Modern dress seems almost de rigueur for Shakespeare productions these days-and understandably so. More than just a way of keeping wardrobe costs down, modern dress provides accessibility for audiences who may feel alienated by the archaic language. Modern dress also lends some authenticity, considering that in Shakespeare’s time, plays were performed in contemporary costume, regardless of historical setting.

When viewing such a “modernized” version of Shakespeare, it’s hard not to be struck with an initial sense of incongruity. Can we really accept an actor in 21st-century street clothes speaking in early-modern English? If the play is done well, as the powerful new City Lights production of Hamlet is, then we can accept it just as readily as we can accept actors talking to themselves in soliloquy.

Director Kit Wilder’s “updating” of Hamlet does more than stick the players in jeans and hoodies. The characters are all vaguely recognizable as modern archetypes. Rosencrantz and Guildenstern, played by Adam Magill and Martin Gutfeldt, resemble two yuppies on the make. Male authority figures like Polonius (Jeff Kramer) are austere businessmen in suits and ties. However, in a postmodern nod to the productions of yesteryear, the play-within-a-play sequence uses faux-Elizabethan costumes and Renaissance music piped from a laptop computer.
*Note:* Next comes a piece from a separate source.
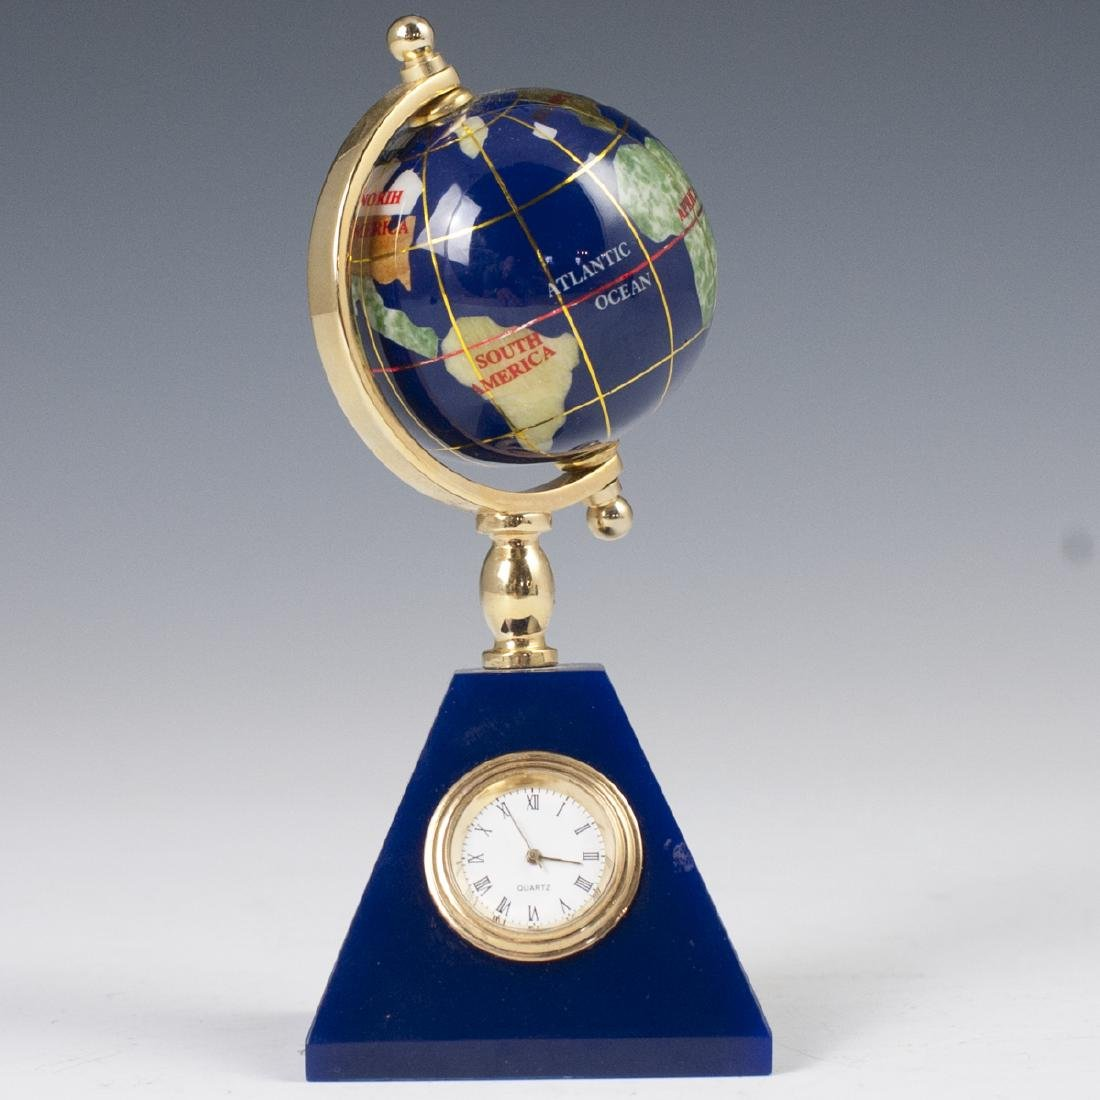 Vintage Semi-Precious Stone Globe Clock

What about the complex, ambiguous Prince of Denmark himself? Thomas Gorrebeeck eschews subtlety and emphasizes the crazier side of the character. Clearly unstable, with normal inhibitions slowly melting away, this Hamlet tends to gyrate suggestively against others, though during his scenes with Queen Gertrude (Kristin Brownstone), we are spared the strong Oedipal connotations that are sometimes interpolated into the play.

As Gorrebeeck veers between calm self-reflection and foam-spattered tirades, he leaves the viewer in a state of unease, with the sense that Hamlet could go completely off the rails at any moment. The stark lighting and eerie sound effects used to set the mood of Kronborg Castle add to this unsettling effect, and the atmosphere, more than a backdrop for the action, is a window into the mind of the disturbed prince. It also engulfs the victims of Hamlet’s vengeance. The hero’s madness seems to infect Sarah Moser’s anguished Ophelia like a disease, while Tom Gough’s strangely sympathetic Claudius grows increasingly desperate and violent.

All in all: a fresh and provocative take on Shakespeare’s brooding tragedy.